Sunday, September 22, 2013

Window on Eurasia: Soviets Sowed Seeds of Today’s Religious Radicalism – Muslim and Christian – in Central Asia



Paul Goble

            Staunton, September 22 –Soviet suppression of Russian Orthodoxy in Central Asia, Stalin’s exiling of representatives of various Protestant communities to that region, and Moscow’s attempt to replace religious identities with ethnic ones among the indigenous Muslim population set the stage for the rise of religious radicalism of all kinds there.

            Indeed, Aleksey Sukhov argues in an article on the Evrazia.org portal, “as a result of the policy of state atheism, favorable conditions for the activities of supporters of radical Islam and also various religious sects and new religious organizations (including totalitarian ones) were in place at the moment of the collapse of the USSR” (evrazia.org/article/2368).

            Although he devotes most of his 5,000-word article to the history of Islam and Russian Orthodoxy in Central Asia in general and Kyrgyzstan in particular before 1917, Sukhov provides one of the most thoughtful Russian discussions of the highly sensitive issue of Soviet responsibility for present-day religious extremism.

            This is not a simple story, but it is a critically important one for understanding what has happened and why – and also for recognizing that many of the same Soviet actions that opened the way for Islamist extremism also had the effect of equally unintentionally promoting Christian radicalism as well.

            In the early 1920s, the Bolsheviks were able to use the isolation of the Russian Orthodox Church and the divisions, religious as well as ethnic, among the indigenous and Islamic population. At first they hoped to use attacks on Orthodoxy to gain support from Muslims and then to use the Muslims to spread the revolution to the East.

            “However,” Sukhov points out, “they quickly recognized that danger which the consolidation of Turkestan on a pan-Islamic basis would represent” and consequently sought to weaken Islam both by direct attacks on mosques and mullahs and by the division of the region into ethnically-defined territories.

             The Bolsheviks attacked the Orthodox Church first. They suppressed the local hierarchs and priests, replacing them with pro-Soviet “renewal” figures from elsewhere, and closed almost all the churches.  By the 1930s, there was only one Orthodox church open in all of Central Asia – the Pokrovsky Cathedral in Samarkand.

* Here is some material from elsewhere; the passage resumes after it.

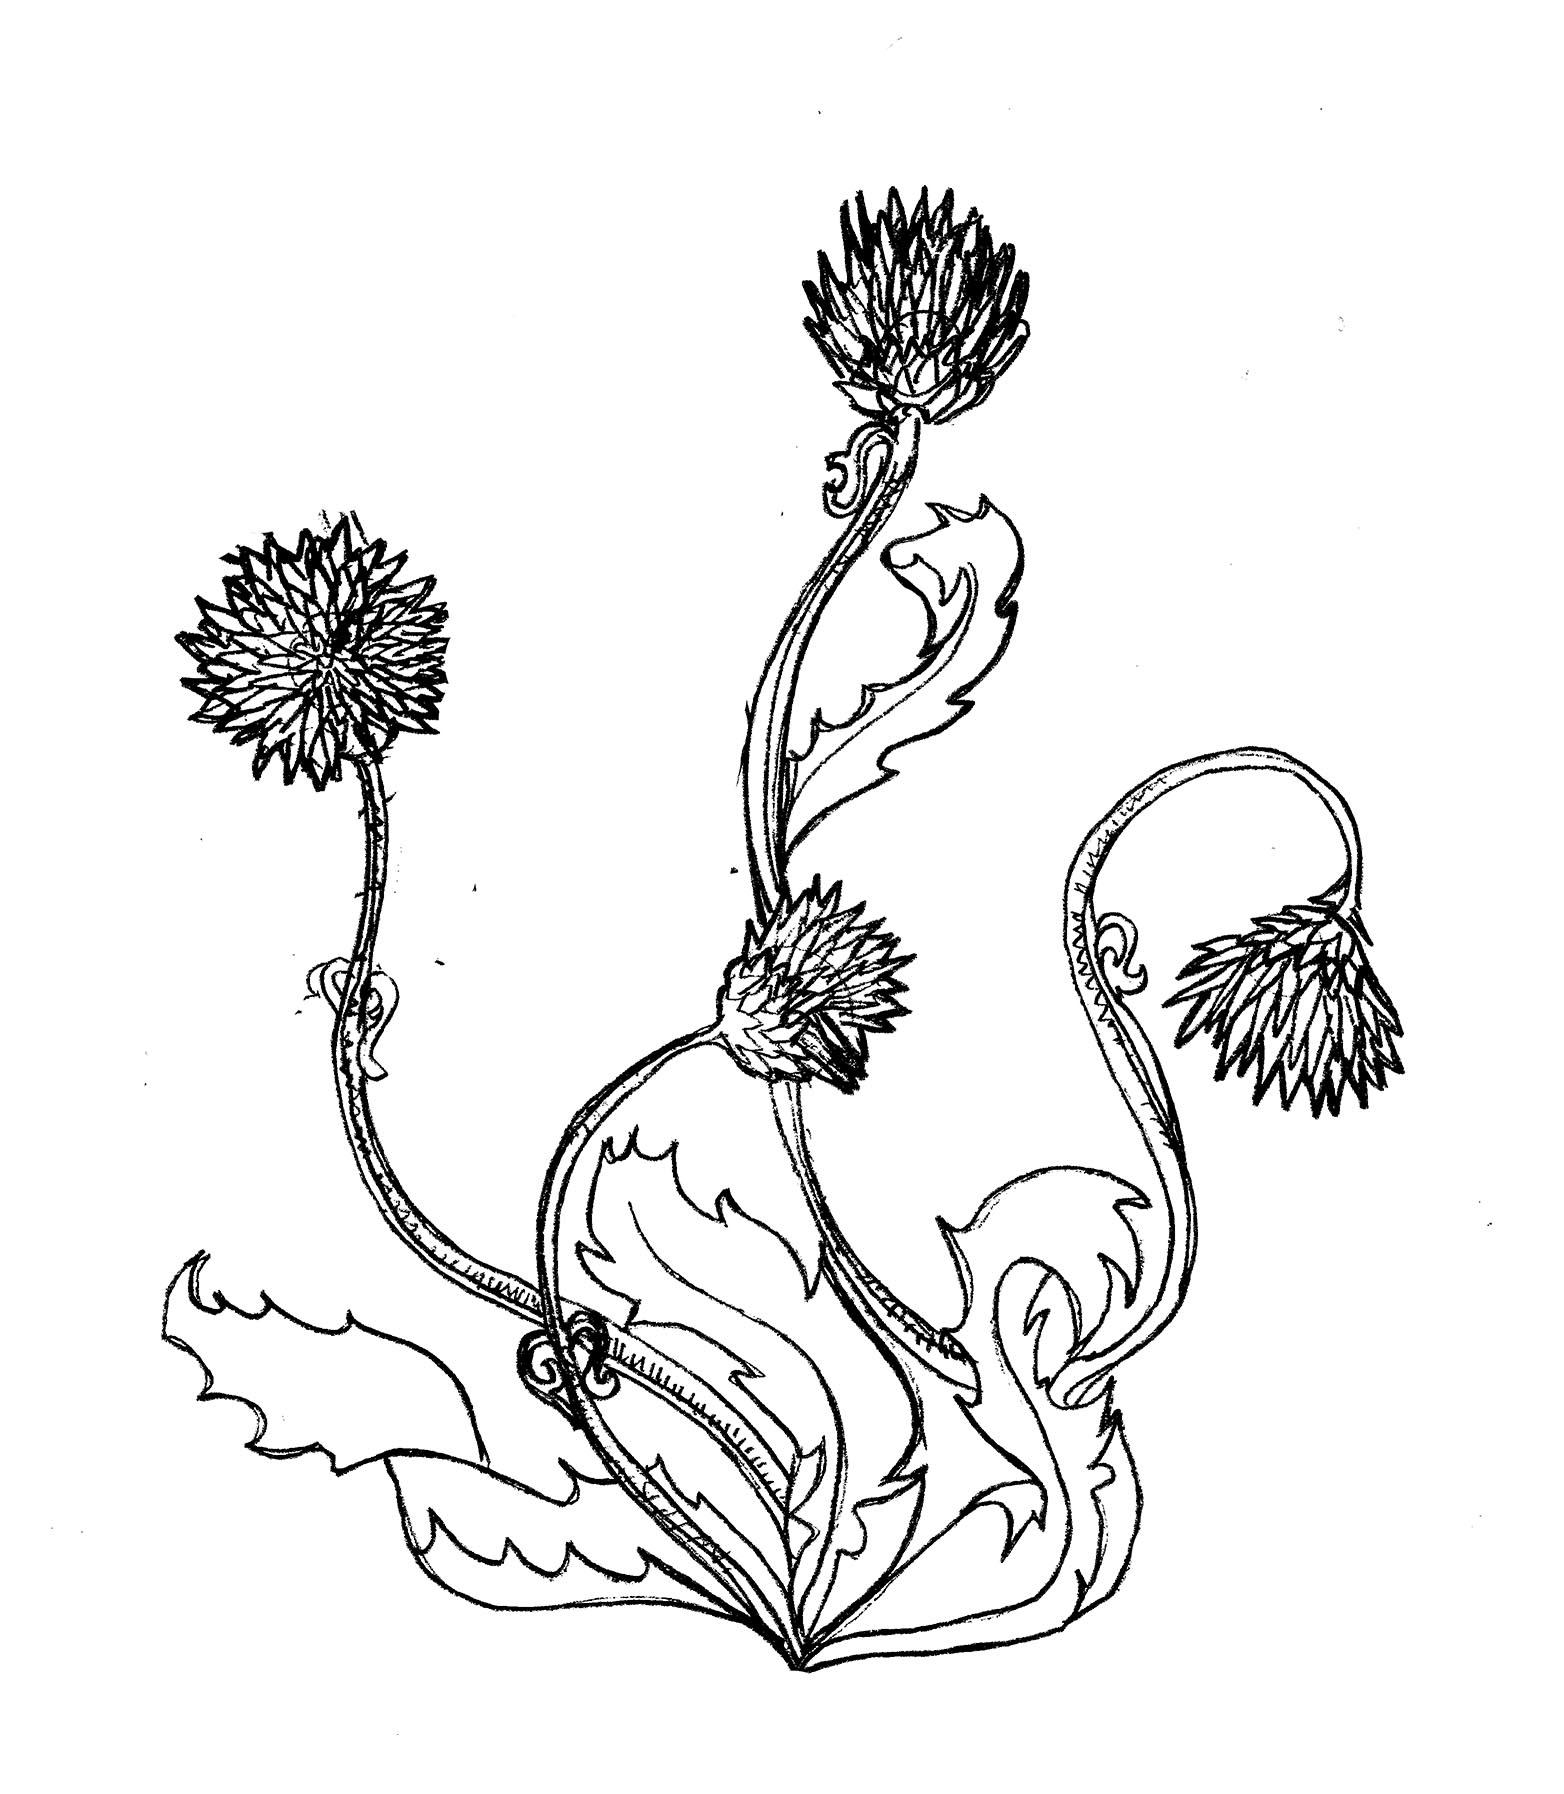 tobycurden_illustration_thistle small.jpg

            According to Sukhov, the local Muslims “showed sympathy” to the Christian victims of this anti-religious campaign, hiding the priests “even at the risk of their own lives.”  These priests in turn became an underground or “catacomb” church, very much cut off from and later at odds with the restored Patriarchate in Moscow.

            After World War II, Sukhov continued, Kyrgyzstan – and he could have added other parts of Central Asia as well – became the place of exile of “religious sectarians from the western oblast of Ukraine and Belarus, Bessarabia, Northern Bukovina, and the Baltics.”  These included Jehovah’s Witnesses, various Pentecostals, Evangelical Baptists, and Seventh Day Adventists.

            These groups had the greatest influence in Slavic communities who had been deprived of a church because of Moscow’s attacks on Orthodoxy, Sukhov continues.  “As a result, and thanks to the deportation to Kyrgyzstan were rooted many new and hitherto unknown in that religious trends and sects.”

            After 1945, Moscow allowed some of the Russian Orthodox churches to reopen.  Their number in Central Asia reached 66 in the early 1950s, but most of them were shuttered again at the end of that decade during Khrushchev’s anti-religious campaign.  Only at the end of the 1980s did they reopen. In 1990, there were a total of 56 Orthodox churches there.

            During the Soviet period, Sukhov says, official or institutionalized Islam was seriously weakened for the same reasons that Russian Orthodoxy was. But just as the closing of churches had not ended Christianity but driven it underground and in some cases politicized it, so too the closure of mosques had the same effect.

             Islam remained an important component of identity, and Soviet campaigns against it “did not destroy” the faith but rather “drove religious leaders into the deep underground.”  There, they continued to function, and something else happened as well: this “popular Islam became something more than a religion;” it became a bastion of national identity and political resistance.